Turns out the new release was incompatible with one of my existing mod_rewrite rules.
This was not especially easy to diagnose under pressure. You can’t activate the mod_rewrite log facility on the custom pair installation. In a message you can only view from the Account Center:
[Mon Jul 16 11:50:52 2007] [alert]
/usr/www/users/foo/.htaccess: RewriteLogLevel not allowed here
[Mon Jul 16 11:49:39 2007] [alert]
/usr/www/users/foo/.htaccess: RewriteLog not allowed here
A frantic bout of commenting out different random fragments of mod_rewrite rules in my .htaccess file determined that one of my existing rewrite rules no longer works the same way, but instead leads to the deadly “no input specified” error for the site involved.
I love the stability and security and support I get from pair, but I’m consistently less enthusiastic about their ability and willingness to communicate vital restrictions or requirements up front. Their 6.2-upgrade document is a terse smattering of tidbits.

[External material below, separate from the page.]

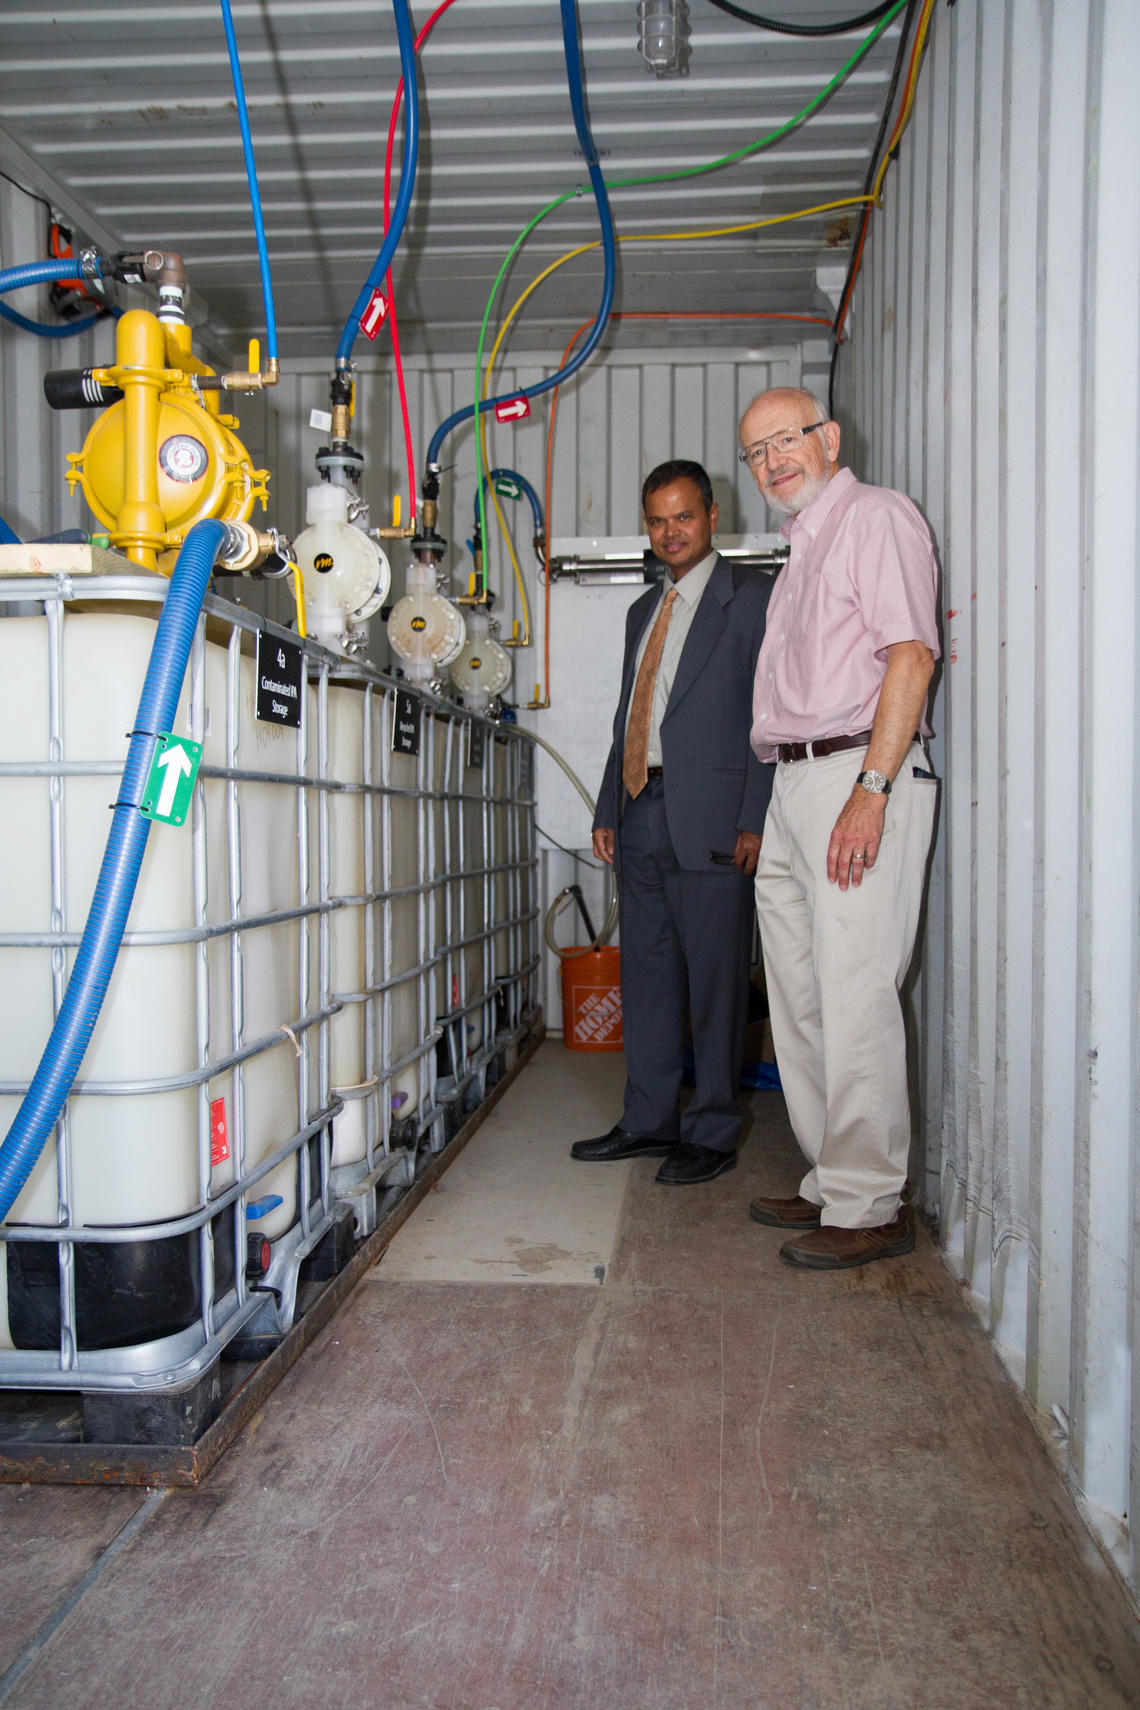 Gopal Achari, left, professor of civil engineering in the Schulich School of Engineering, and Cooper Langford, professor of chemistry in the Faculty of Science, stand inside the mobile PCB cleanup unit.

I filled out a customer response survey from pair at some point in the last year, and I pointedly said exactly that.
It’s a lesson they still need to learn. I don’t understand it from a business perspective either, because up front communication is far less expensive than one-on-one support tickets.
At the end of the day I do have my site working again, and I have a strong preference to stick with the devil I know, and this probably won’t come around again until FreeBSD 9.3 But why the four hours of extraterrestrial fire drill? It makes no sense.